§ Exercise directions: Repeat the lines below exactly as they appear, but leave out the images.

Start of Source material

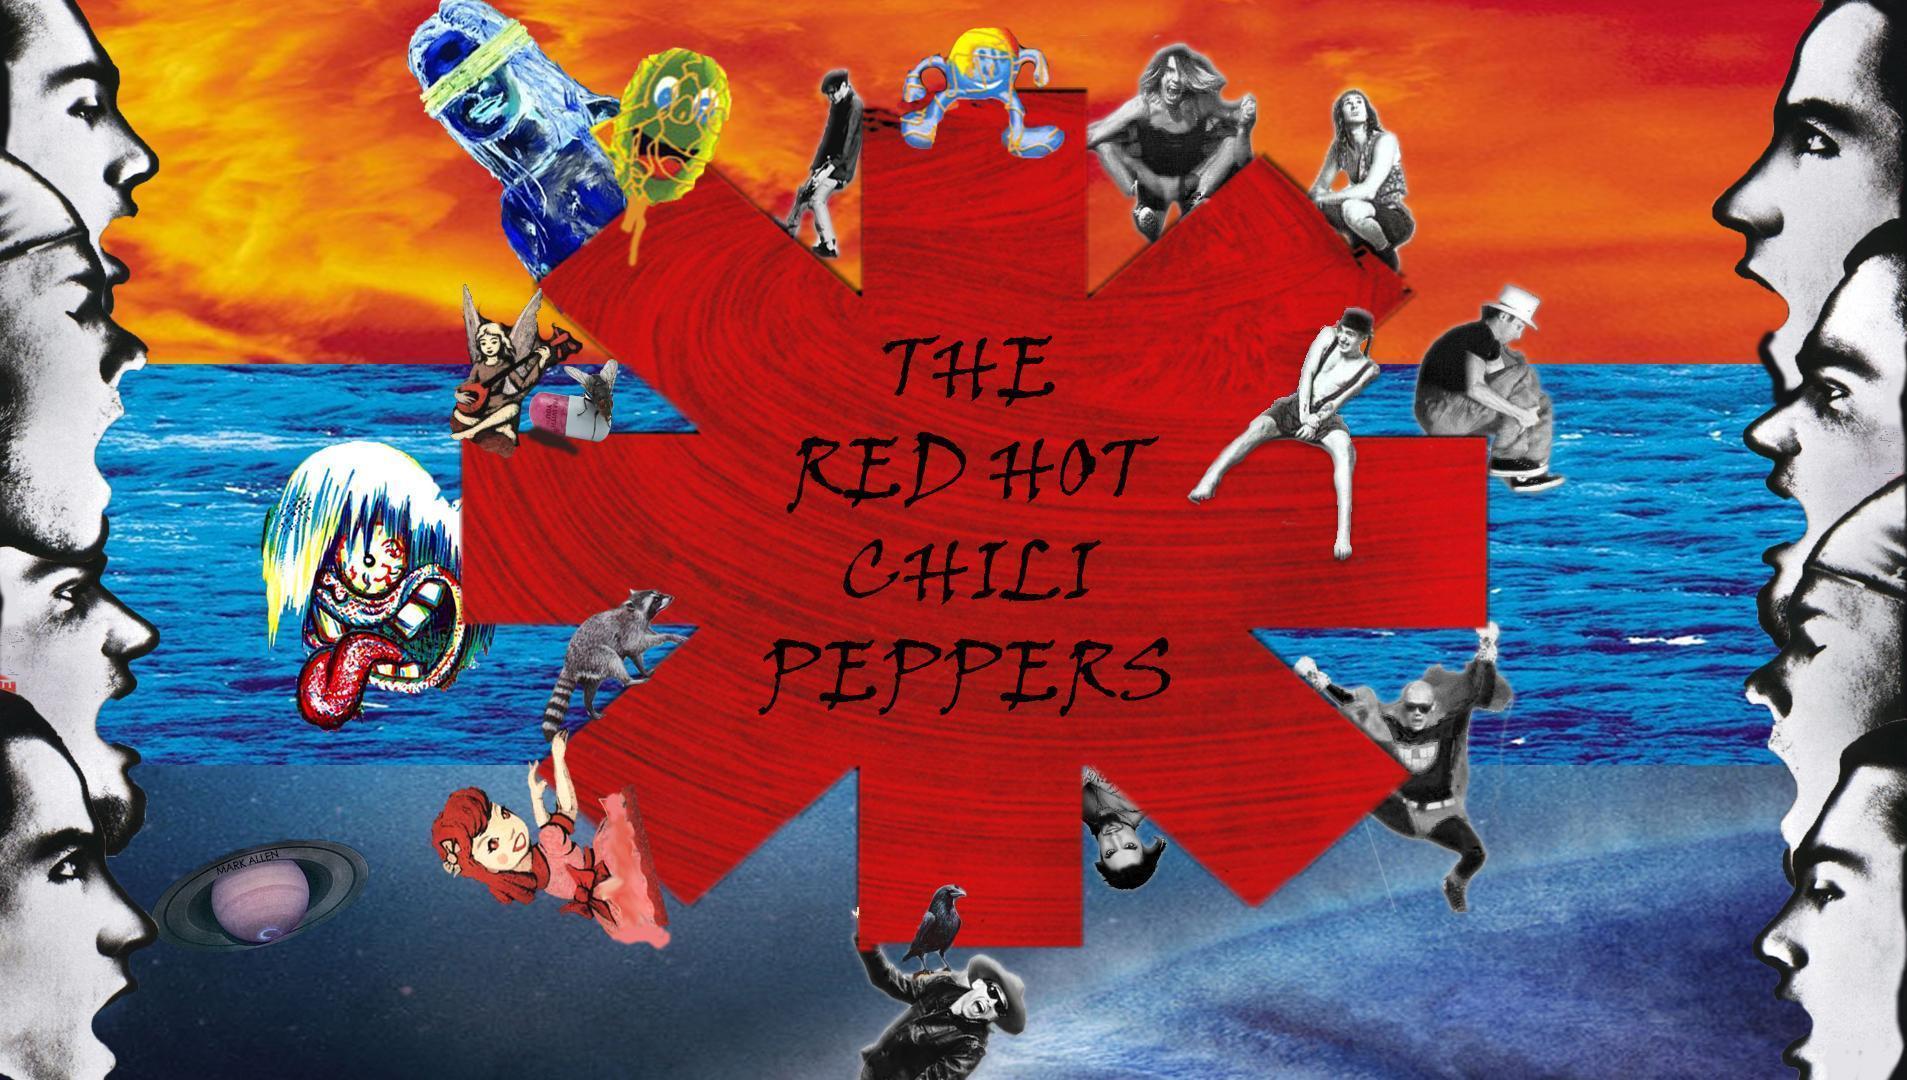 RHCP Wallpaper Member Every Album Cover In One Pic!almost
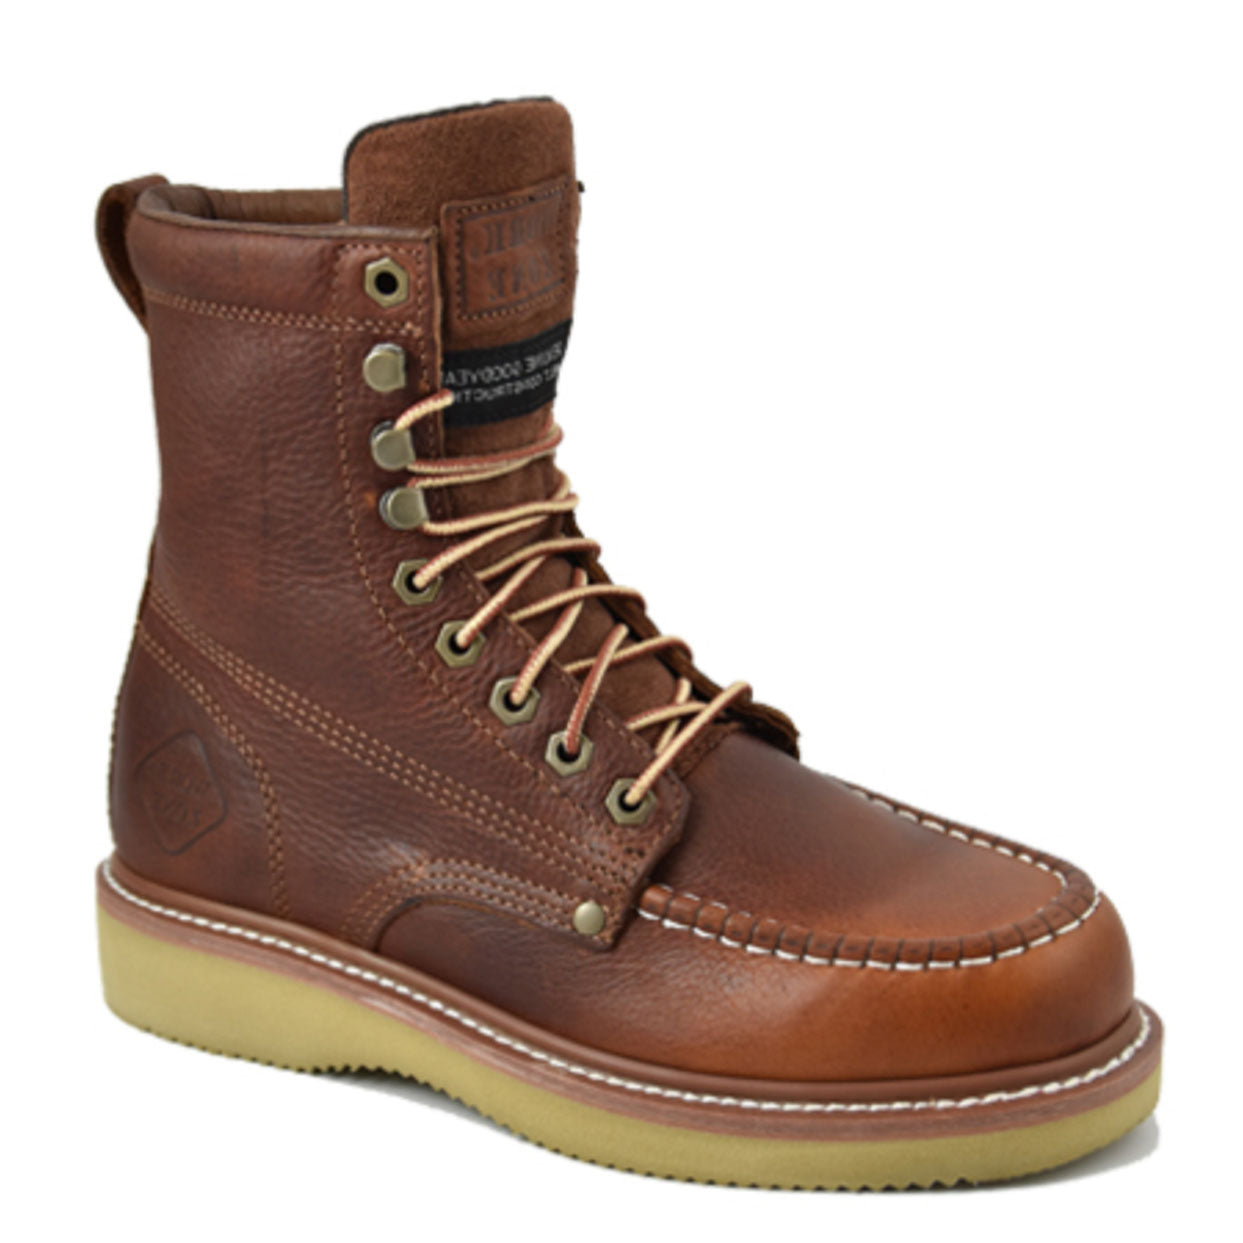 Work Zone - 834 8" Moc Toe Work Boots
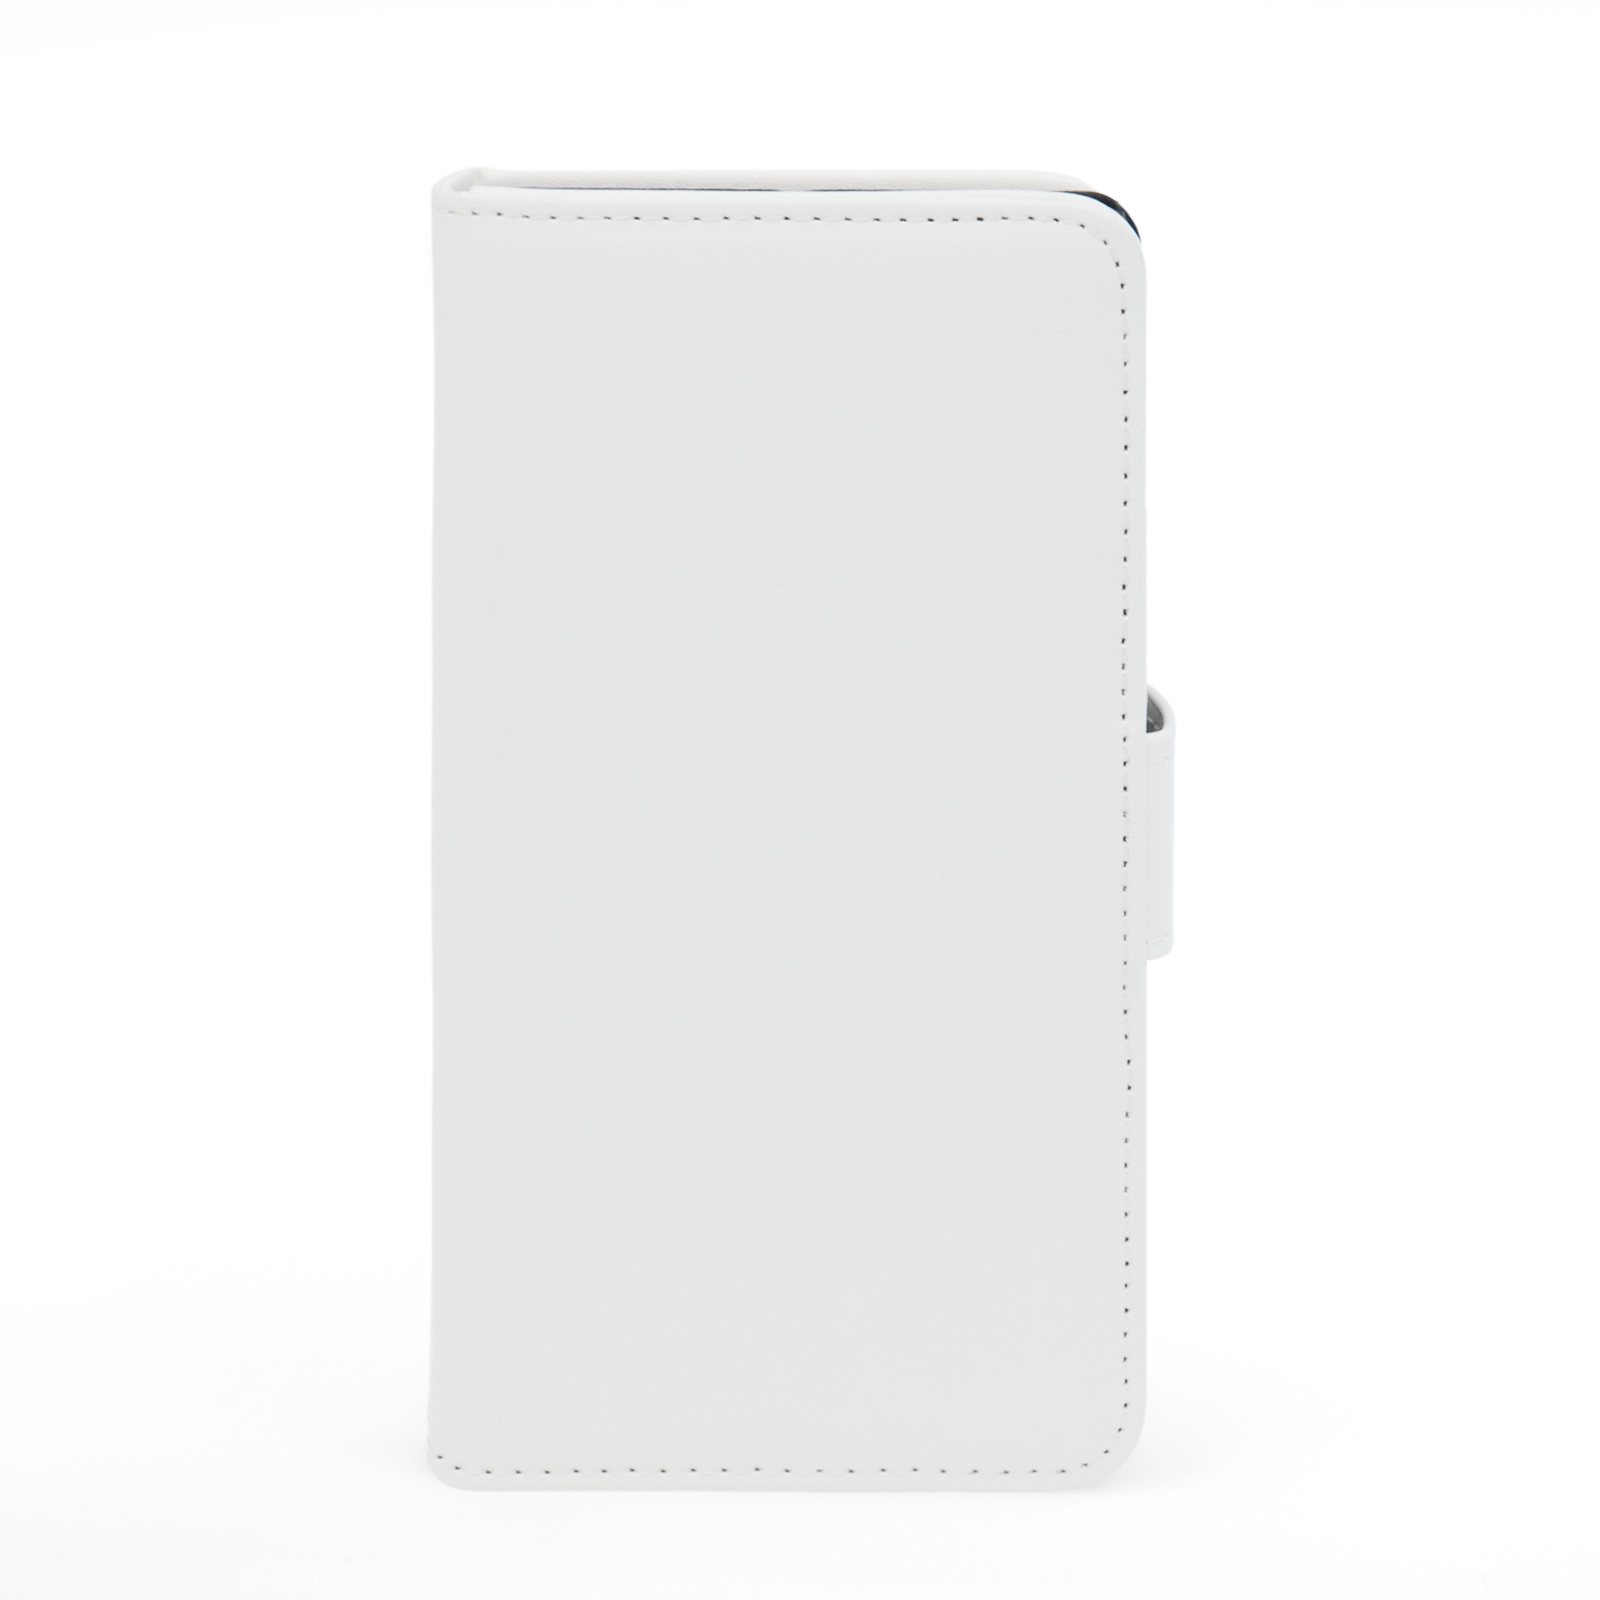 YouSave Accessories Nokia Lumia 930 Leather-Effect Wallet Case - White

End of Source material

§ Solution for this task:
 RHCP Wallpaper Member Every Album Cover In One Pic!almost
 Work Zone - 834 8" Moc Toe Work Boots
 YouSave Accessories Nokia Lumia 930 Leather-Effect Wallet Case - White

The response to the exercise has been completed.